Verdiğiniz kararın başımız gözümüzün üzerinde yeri var. Bizden şunu beklemeyin; hayır çıkarsa İzmir'de düşmanı denize döktüğümüz gibi sevineceğiz... Bu laflar bize yakışmaz, şiddetle kınıyoruz. Bunu söylediler ve daha da ileri gittiler. Evet çıkarsa nasıl Yunan'ı denize döktük sizi de denize dökeceğiz... Biz evet çıkarsa onlara da çağıracağız ve yanaklarından öpeceğiz. Bizim işimiz sevgi nefret değil, bize nefret yakışmaz. Bu millete nefret duyguları yakışmaz.
Biz farklılıklarımızla zenginiz. Maalesef bu kampanya döneminde İzmir'in adını iyi kullanmadılar. Bir İzmirli milletvekilinin yaptığı küfürleri gördünüz. Bir İzmirli olarak olarak rahatsız oldum. İzmir demokrasi şehri, İzmirli bunu kabul etmez."

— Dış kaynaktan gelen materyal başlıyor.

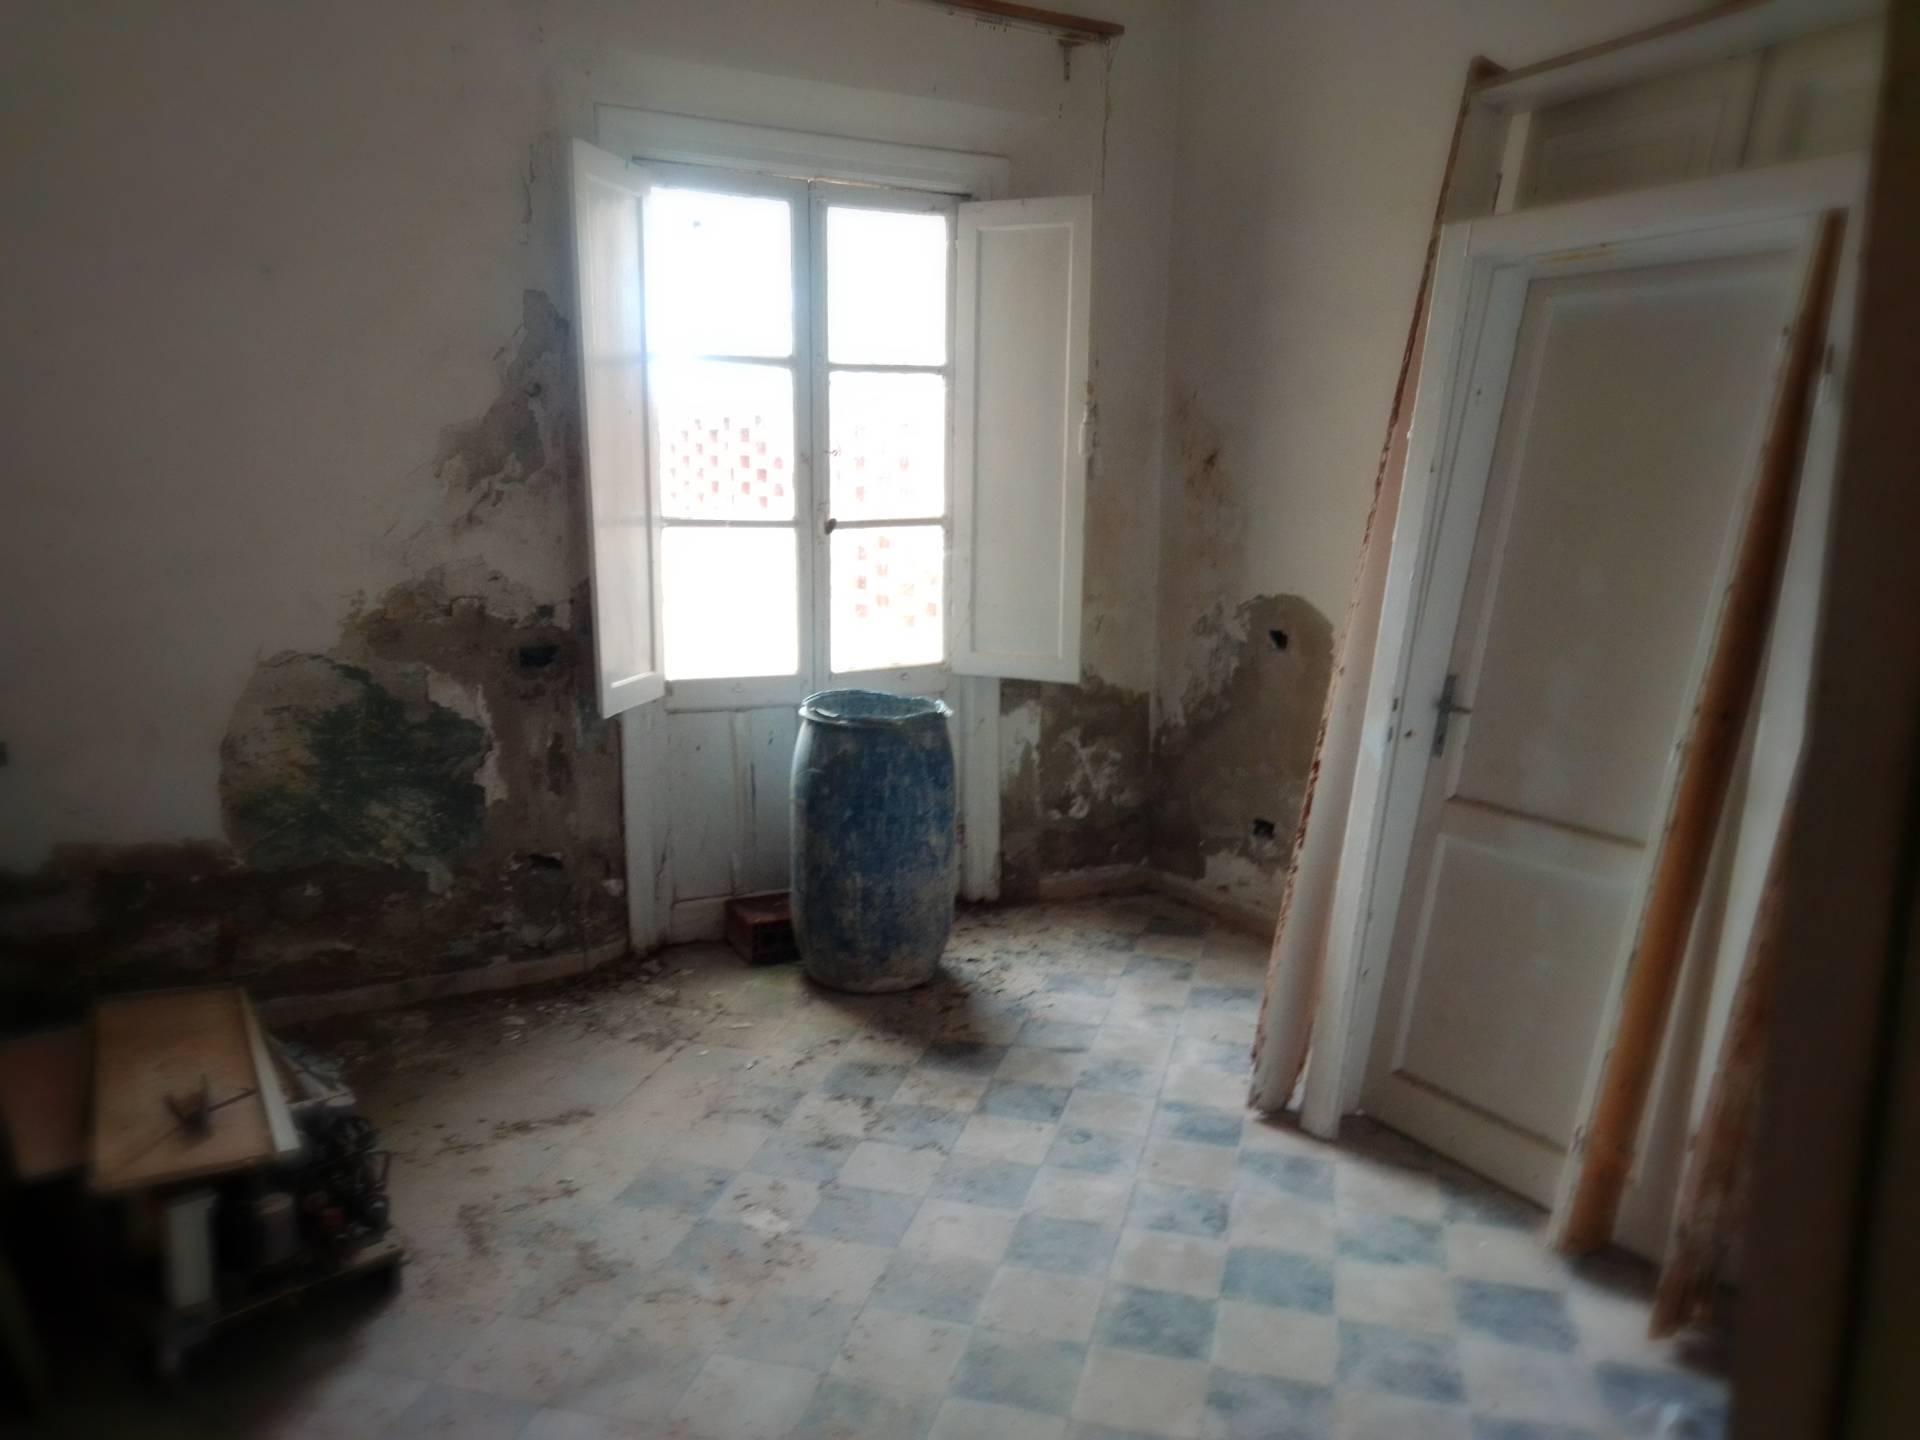 Appartamento in vendita a Palaia, 4 locali, zona efoscoli, prezzo € 100.000 | PortaleAgenzieImmobiliari.it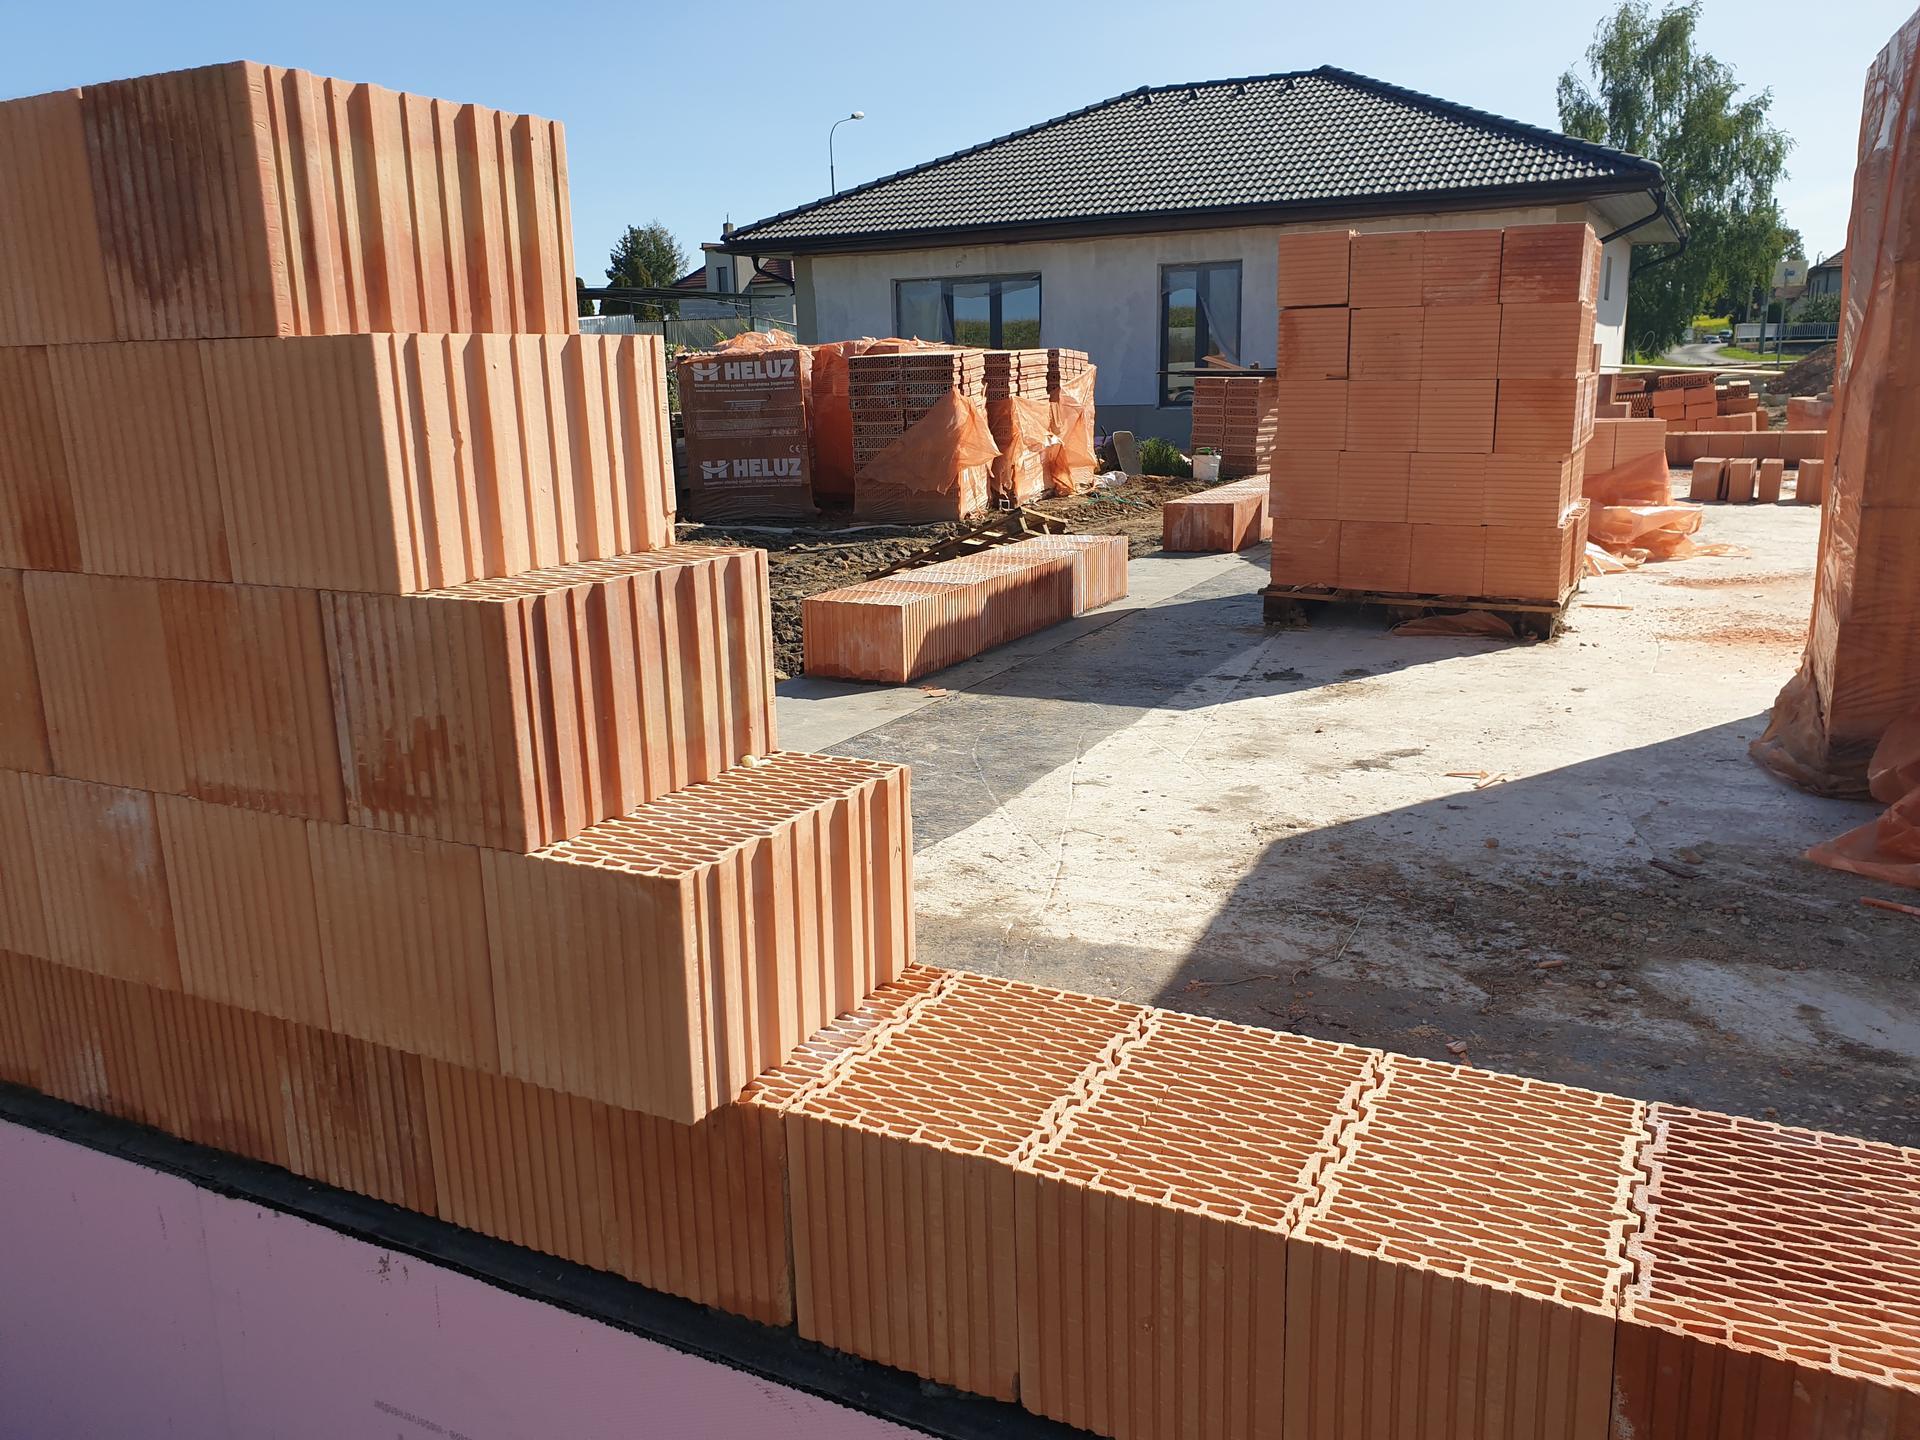 Stěhování na venkov - stavba - Obrázek č. 5

İzmir'in Bornova ilçesinde konuşan Başbakan Yıldırım, CHP Genel Başkanı Kılıçdaroğlu'nun açıklamalarını eleştirdi. Yıldırım Bornova'daki konuşmasında "15 Temmuz bir tiyatrodur, bir kontrollü darbedir. Bu ağız Pensilvanya'nın ağzıdır. Bu ağzı bırak. Milleti korkularla hayır vermeye zorlayamazsınız. Cumhuriyet'in şehri İzmir. Rejimin adı Cumhuriyet, 1923'te kurulmuş sonsuza kadar yaşayacaktır. Tek adamlığa gelince, Sayın Kılıçdaroğlu yedi seçimi kaybeden ben değilim. Gençler size sesleniyorum. Bu CHP, Kılıçdaroğlu size siyaseti çok görüyor. Diyorlar ki: 18 yaşında siyasete girmek de ne? Kardeşim sen önce kendi parti tüzüğüne bak. Sen kalkıp gençleri yok sayarsan, gençler de kalkıp sizi yok sayar. Gençler 15 Temmuz gecesi o gençlerin her biri Ulubatlı Hasan oldu, Nene Hatun oldu, memleketi savundu. Göğüslerini siper ettiler canlarını seve seve verdiler" ifadelerini kullandı.